Once Esri made the move to AEM, the whole experience was revamped. Not only did it look visually different, but according to the team there was a lot of stuff “going on under the hood”. Phillips said:
We did a complete overhaul with a focus on analytics. We even put in components to help support personalisation. We shifted from offering single pages to offering reusable components, so that these components had analytics, SEO and personalisation built into them.
We also made it so the authors didn’t have to know HTML and CSS. We were able to shift the authoring experience over to the folks in the business who actually know the content, they were the experts. Previously, updates took four to six weeks, now they can be done in real time.
Since the migration, Esri has seen SEO visits go up by 30%, but it has also seen a huge decrease in the amount of content added to the site (down from 20,000 pages down to 1,500 pages). Site visits also went up “dramatically”.
Key pillars of transformation
Phillips and Schultz said that the key pillars of Esri’s approach are: cloud agility, content reusability, AI-powered content velocity and data driven personalisation.
The cloud agility approach should be fairly obvious, with the focus being on scalability and availability. Content rest ability is about Esri becoming more efficient when utilising its content, which also ties into plans to use AI to make content more efficient. It is also hoped that the use of AI could also help create a better web experience.
On the use of AI for automating tasks such as tagging and image resizing, Schultz said:
So we reduce the number of images and renditions created by leveraging features like smart crop, which is optimising our digital asset management, then speeding up our content creation process.
You increase site performance. I was sceptical when they told me the numbers, but JPEGs were reduced by 50%, image file sizes were reduced by 70% - that’s a huge win on site performance. On smart tagging we’ve optimised our content searching and site tagging with the AI capabilities, which is a big win on the web experience.

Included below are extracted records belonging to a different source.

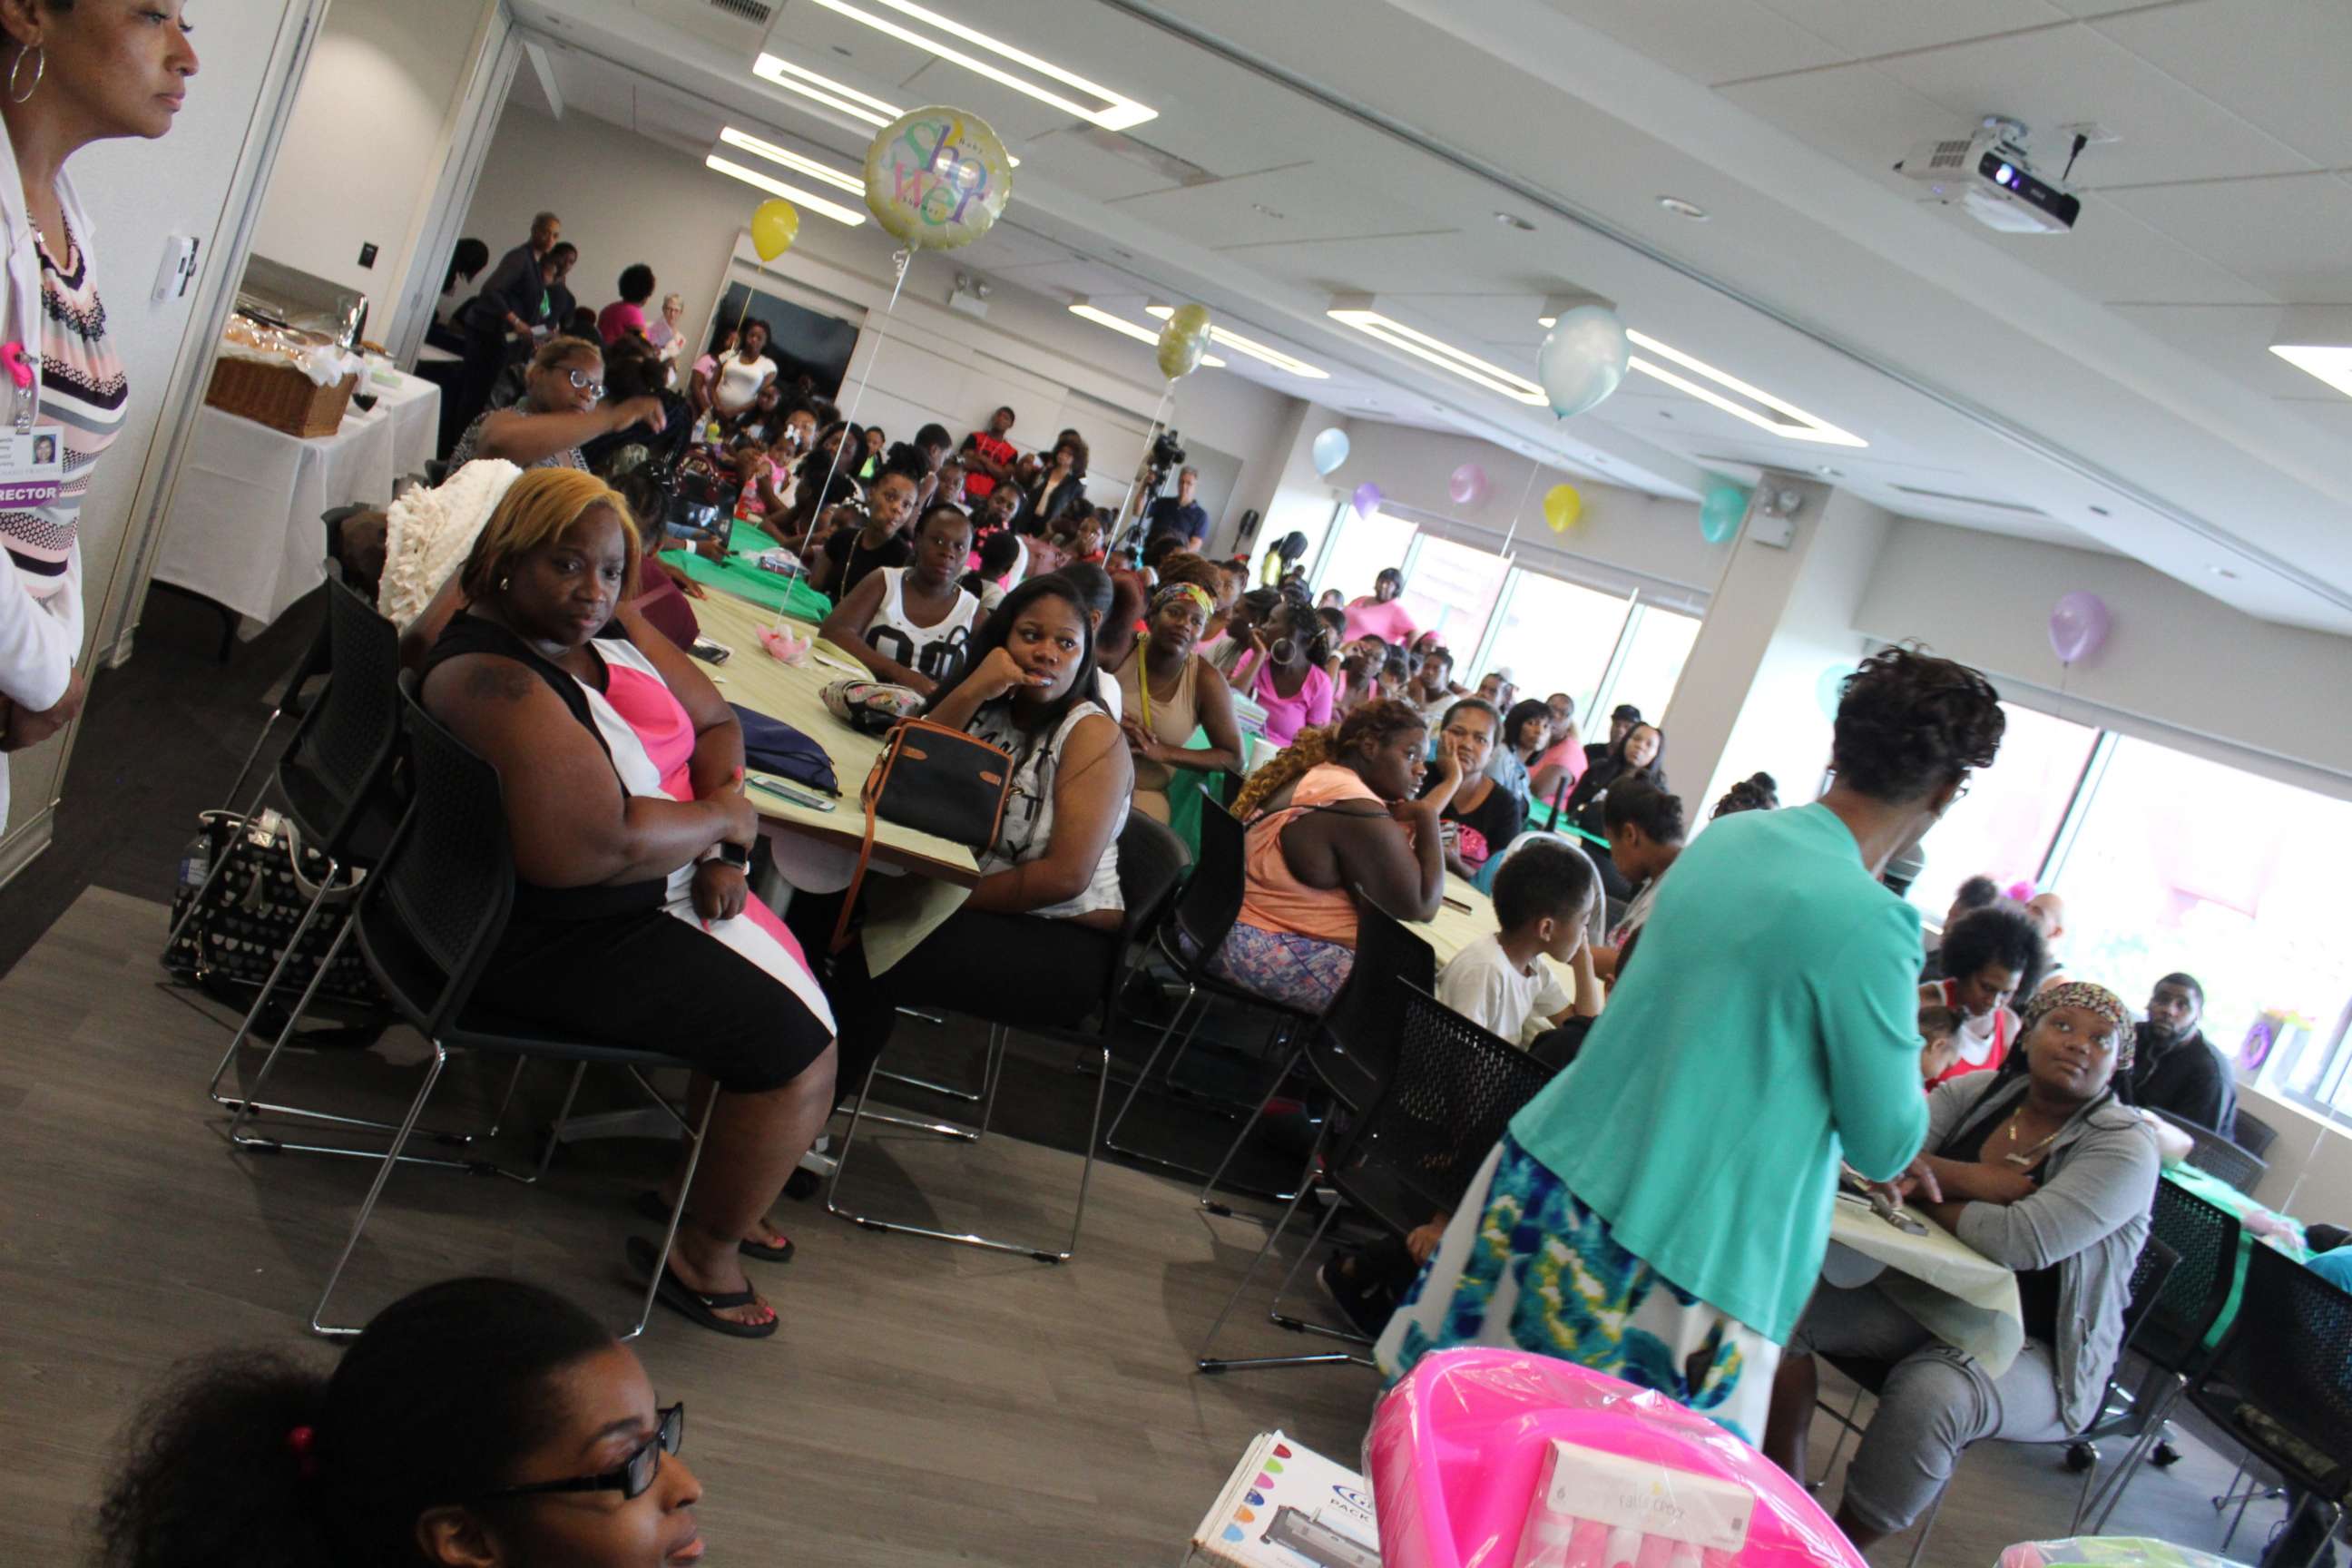 PHOTO: More than 100 women and men attended the 2018 St. Bernard Hospital Community Baby Shower.
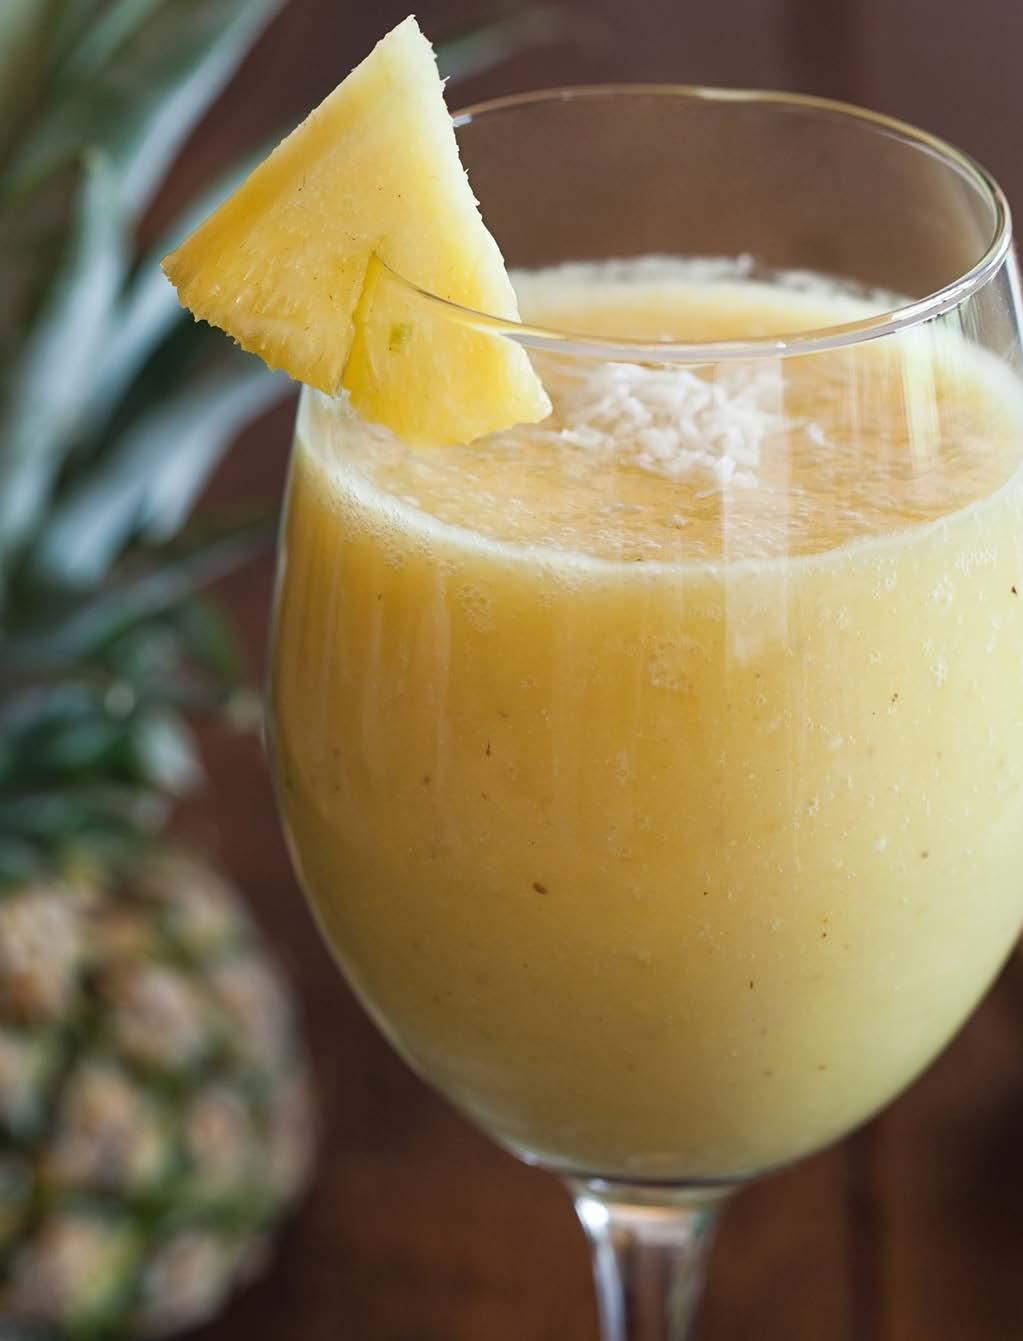 Piña Colada Smoothie Total Time: 5 minutes Serves: - cup coconut milk ½ cup frozen pineapple ½ banana ¼ cup protein powder 3 tablespoons sprouted chia
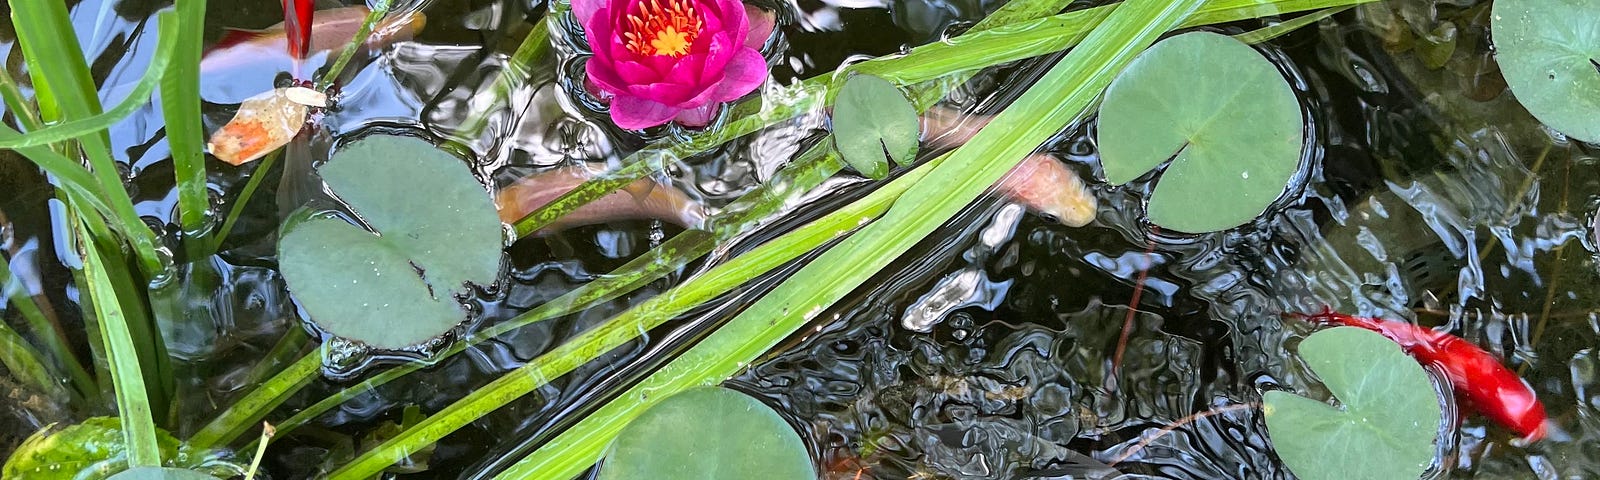 Close-up of a fish pond
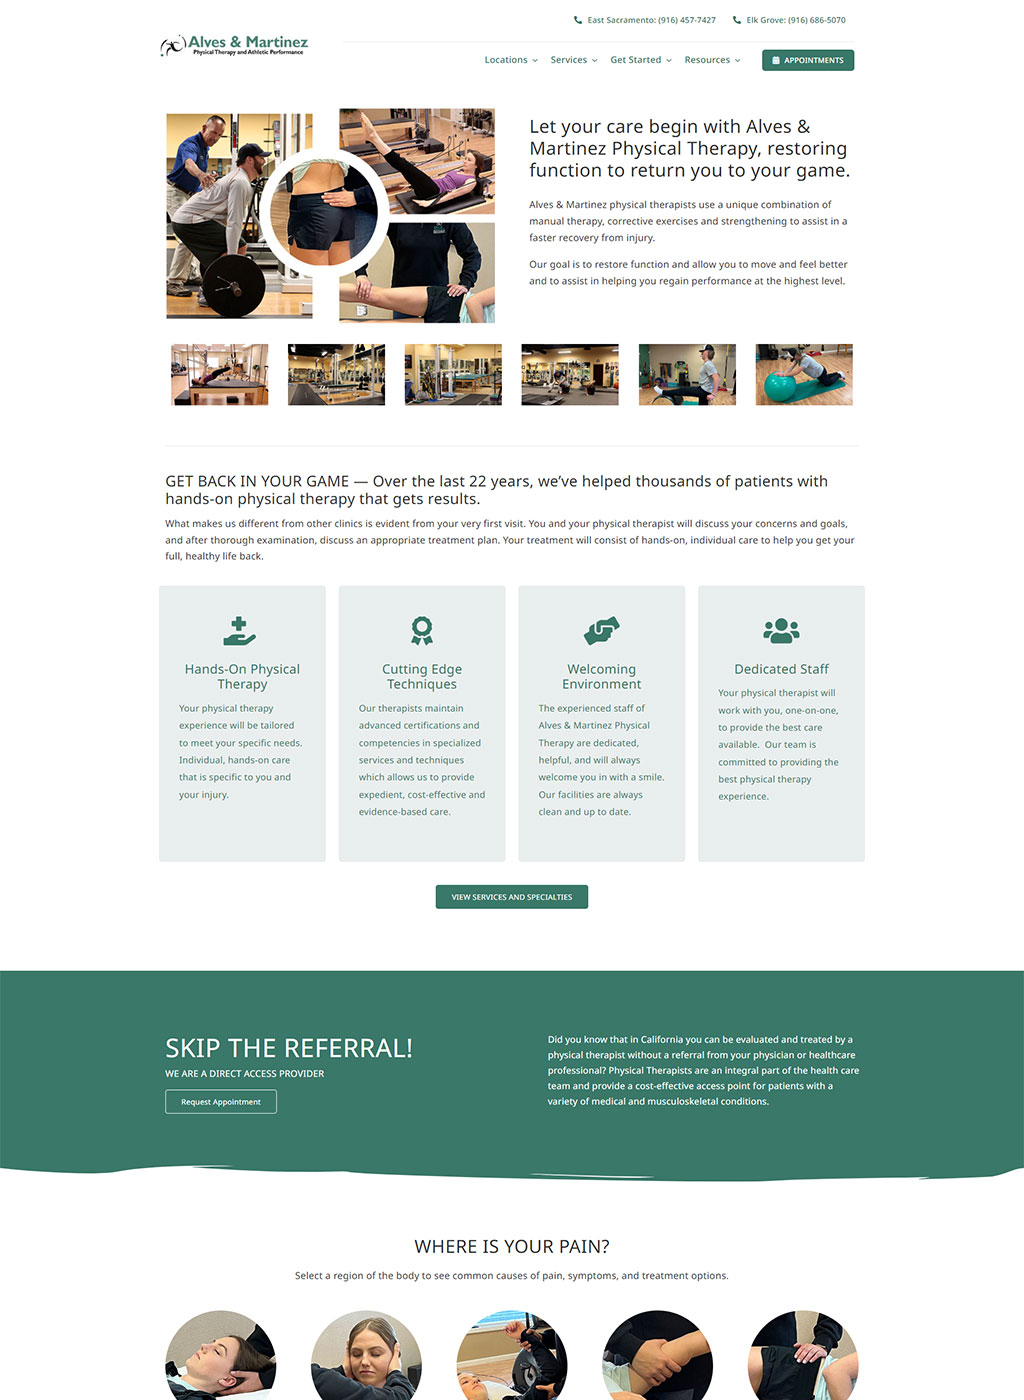 Website developed for Alves & Martinez Physical Therapy

But it’s the data driven personalisation and creating personalised experiences at scale across the web experience that’s particularly of interest to Esri - where it has seen some strong results already. Schultz added:
We can now personalise based on personas - company, geography, product ownership, with the list going on by demographic data. By leveraging Adobe Target, users can see content that’s relevant to them. Landing pages are consistent with content consumed prior to visiting the website, which is increasing the likelihood of converting.
So, for example, you could have a supply chain landing page and the imagery on that page is personalised for specific audience segments, in this case a C-level, a manager, an engineer and an analyst. Three different audiences we are going after and of course the imagery and content we are displaying is relevant to those audiences.
Esri has seen the form conversion rate for visitors to personalised pages up 25% on non-personalised pages. Year on year it has also seen nearly a 60% increase in unique visitors and a 30% year on year increase in form submissions.